» Exercise requirements
Pictures stay out; everything else in the listing below is to be restated word for word.

» Stored data

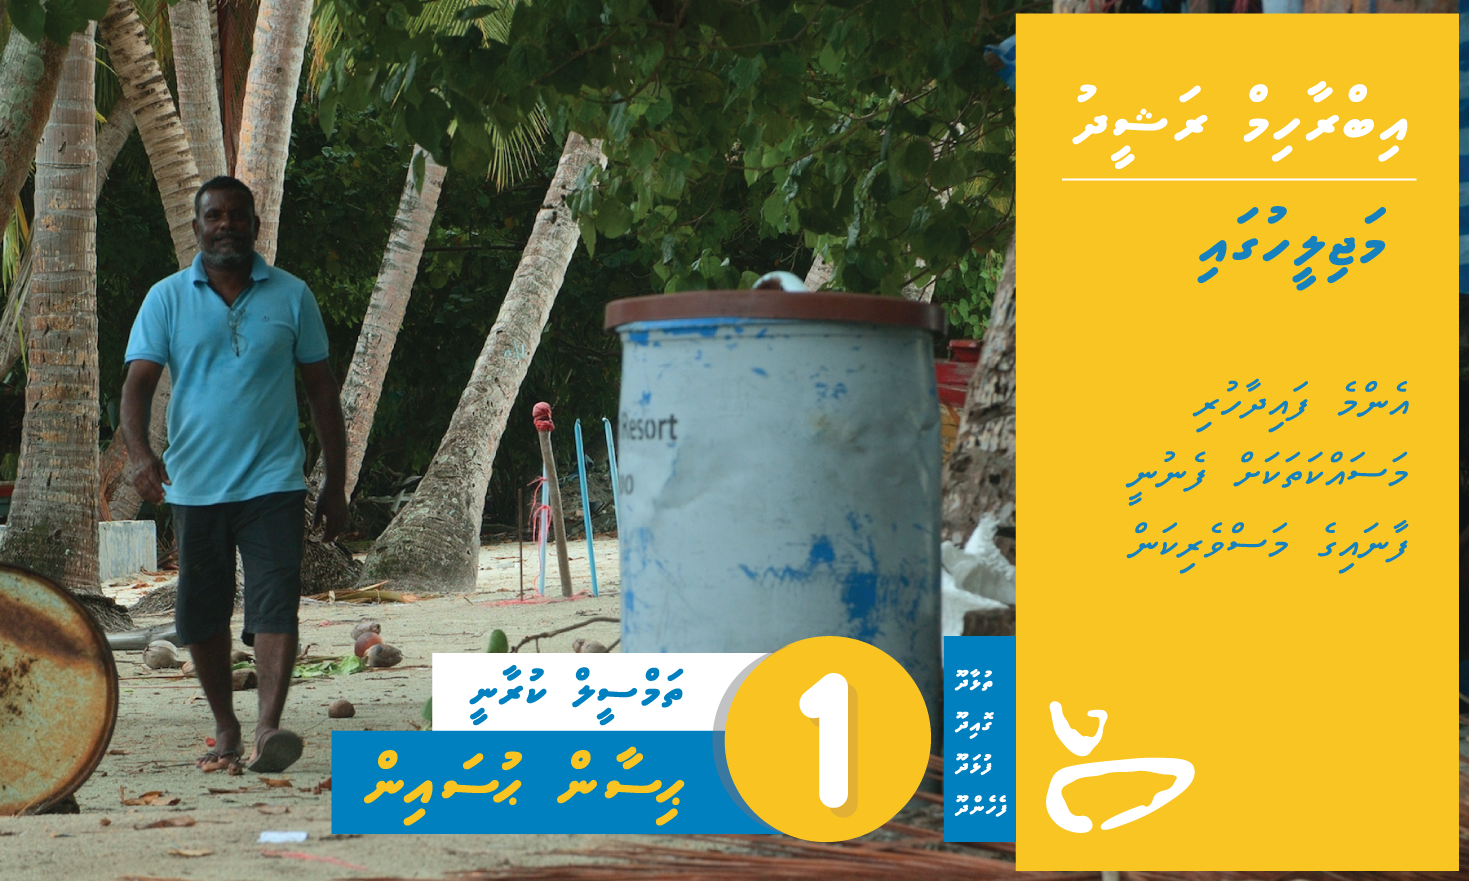 Constituent_Fulhadhoo_Faana.png
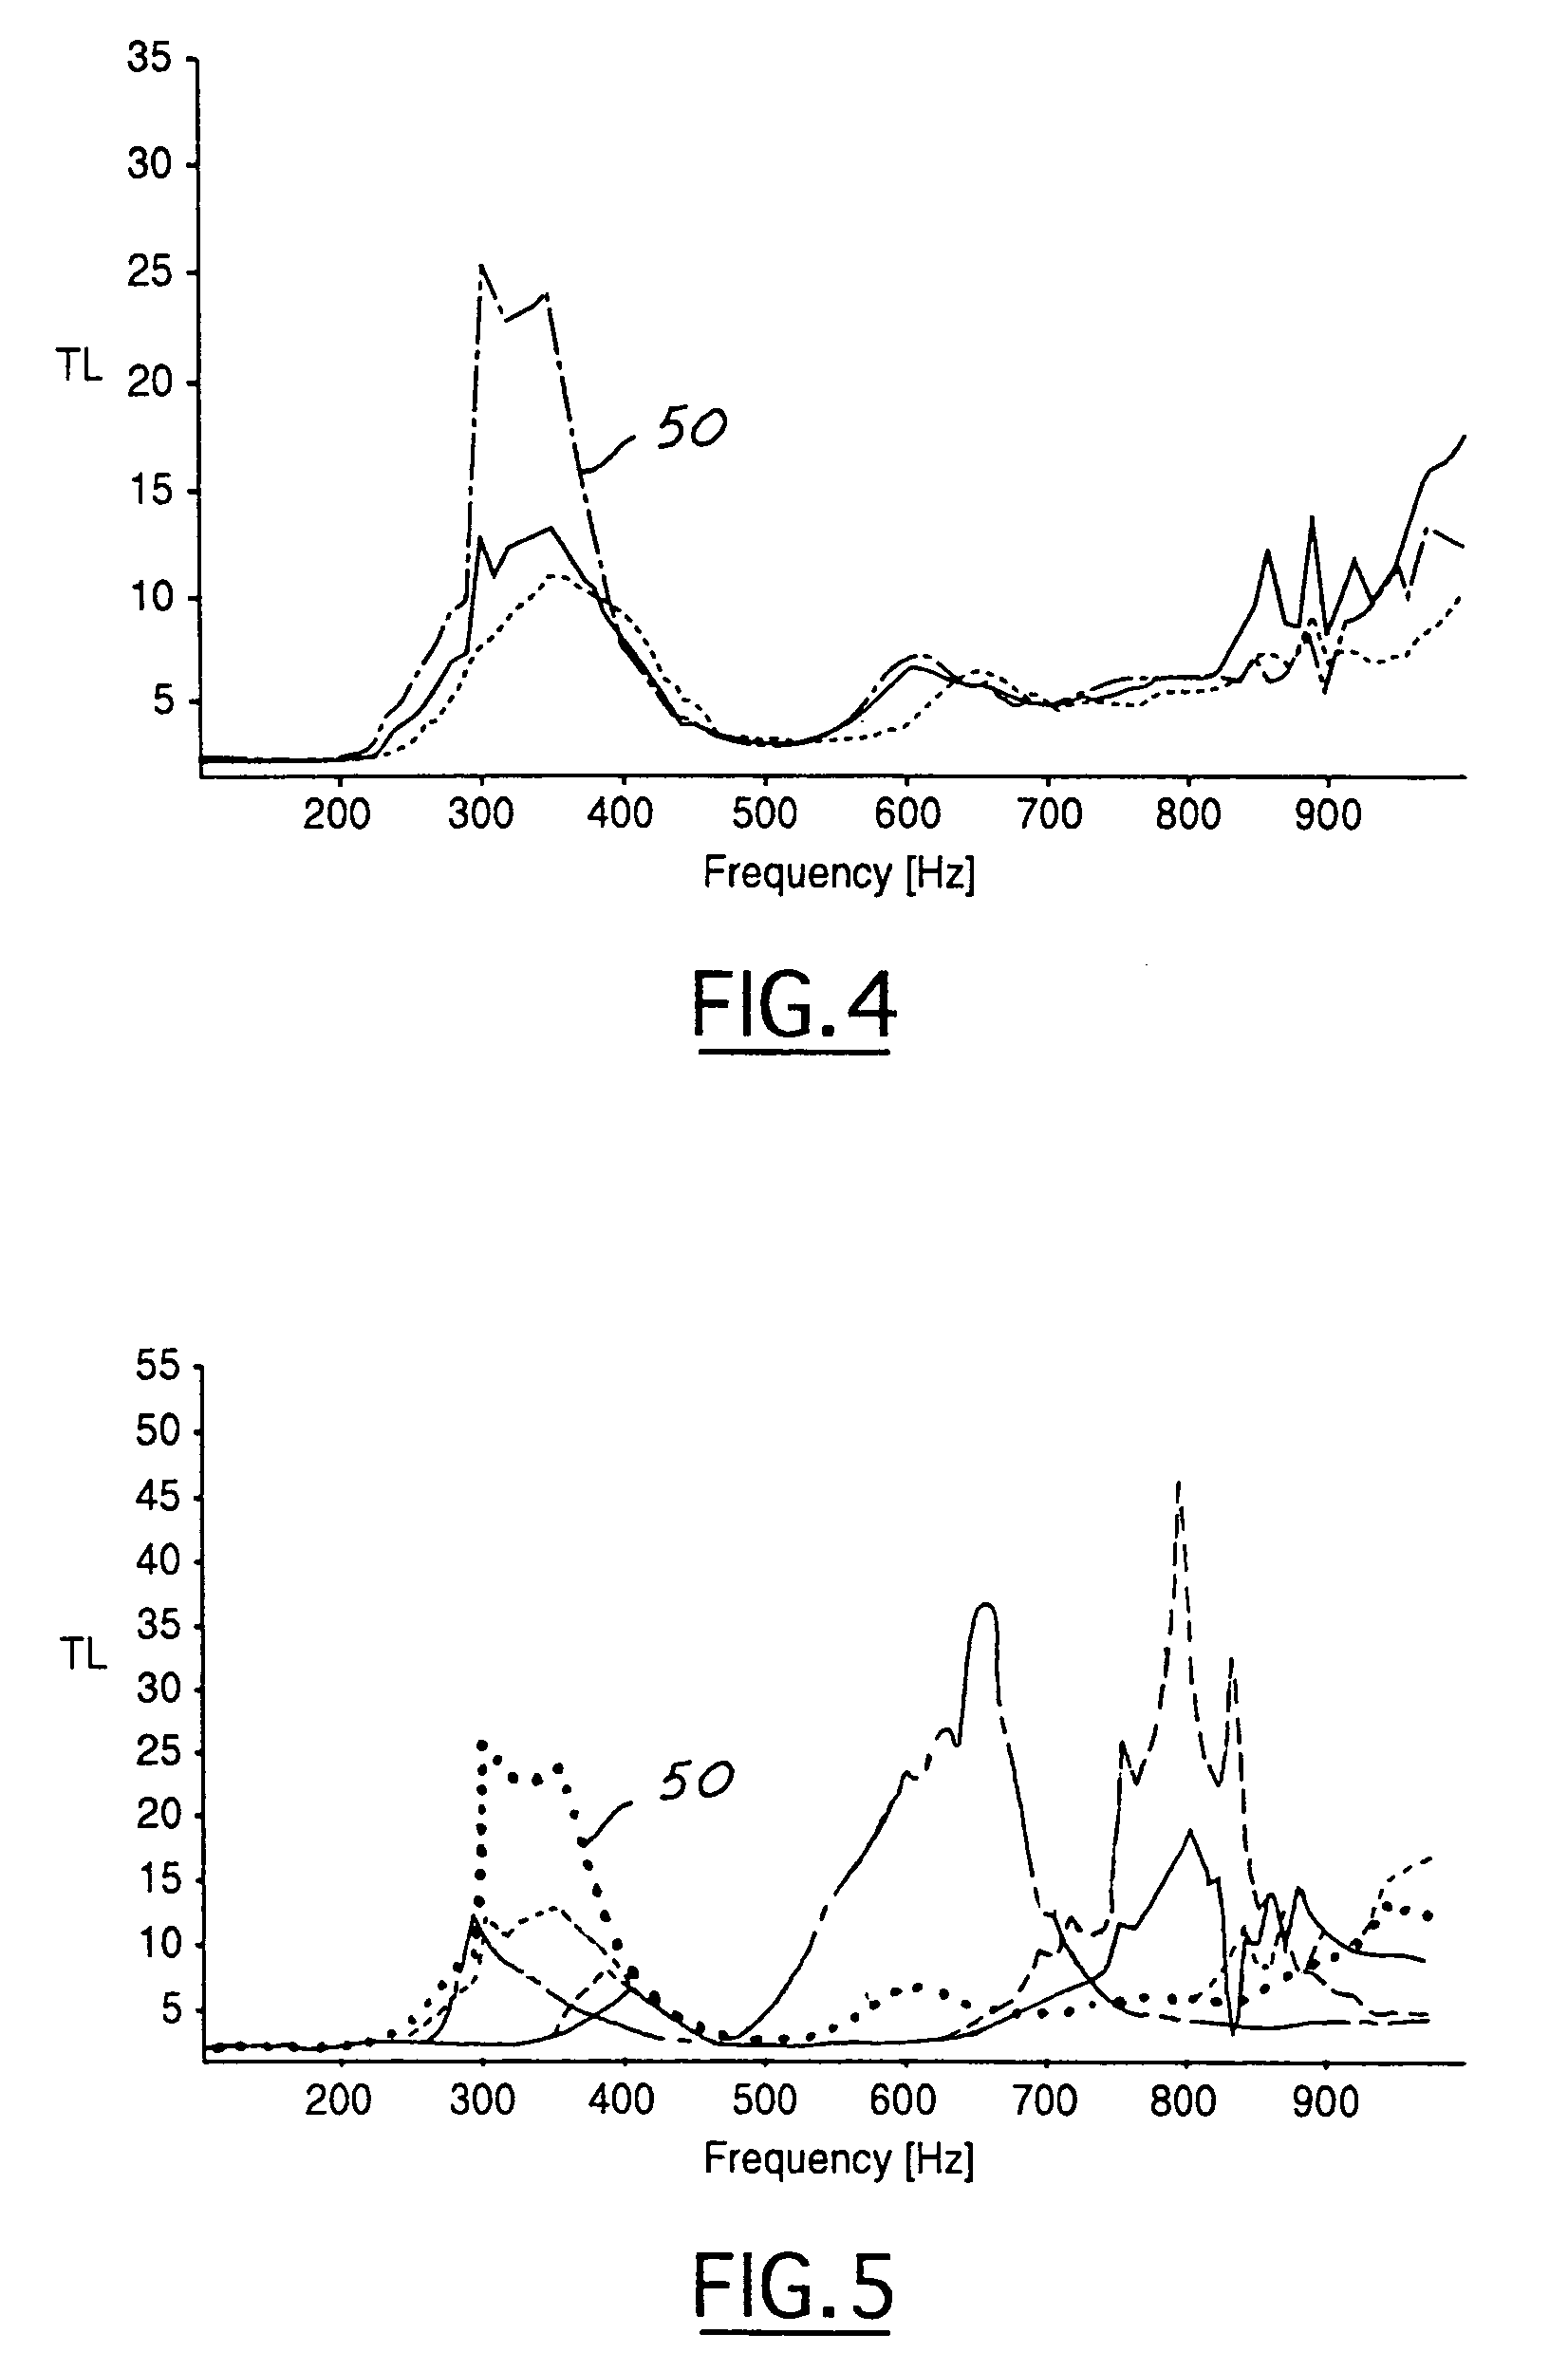 Fluid-borne noise suppression in an automotive power steering system
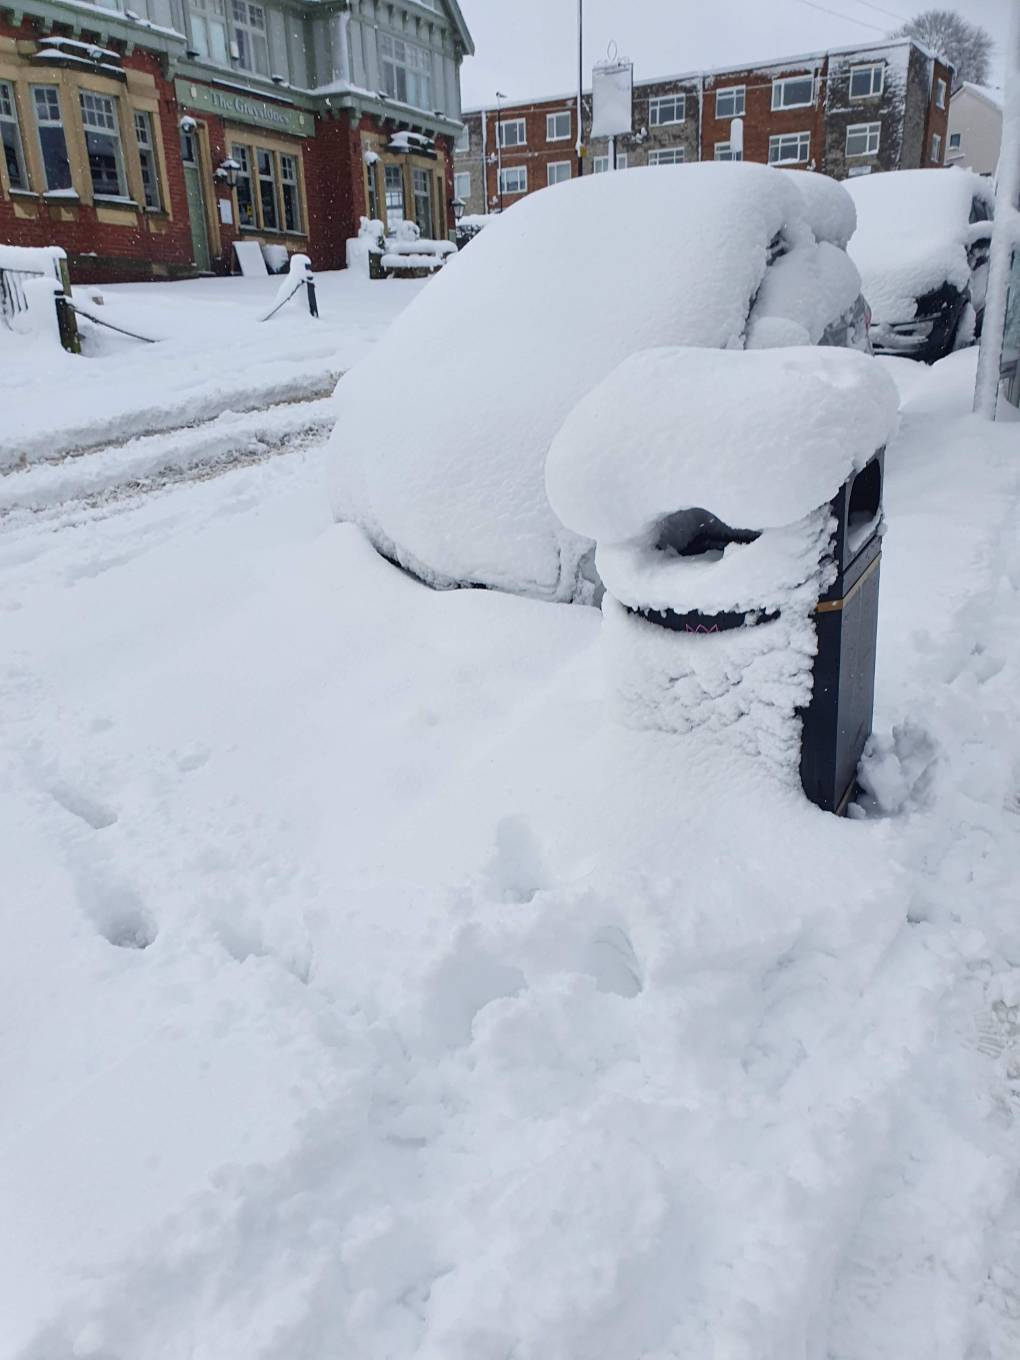 Cars and bins buried Sheffield, ,, sent by rupertwilson20

» Exercise answer
 Constituent_Fulhadhoo_Faana.png
 Fluid-borne noise suppression in an automotive power steering system
 Cars and bins buried Sheffield, ,, sent by rupertwilson20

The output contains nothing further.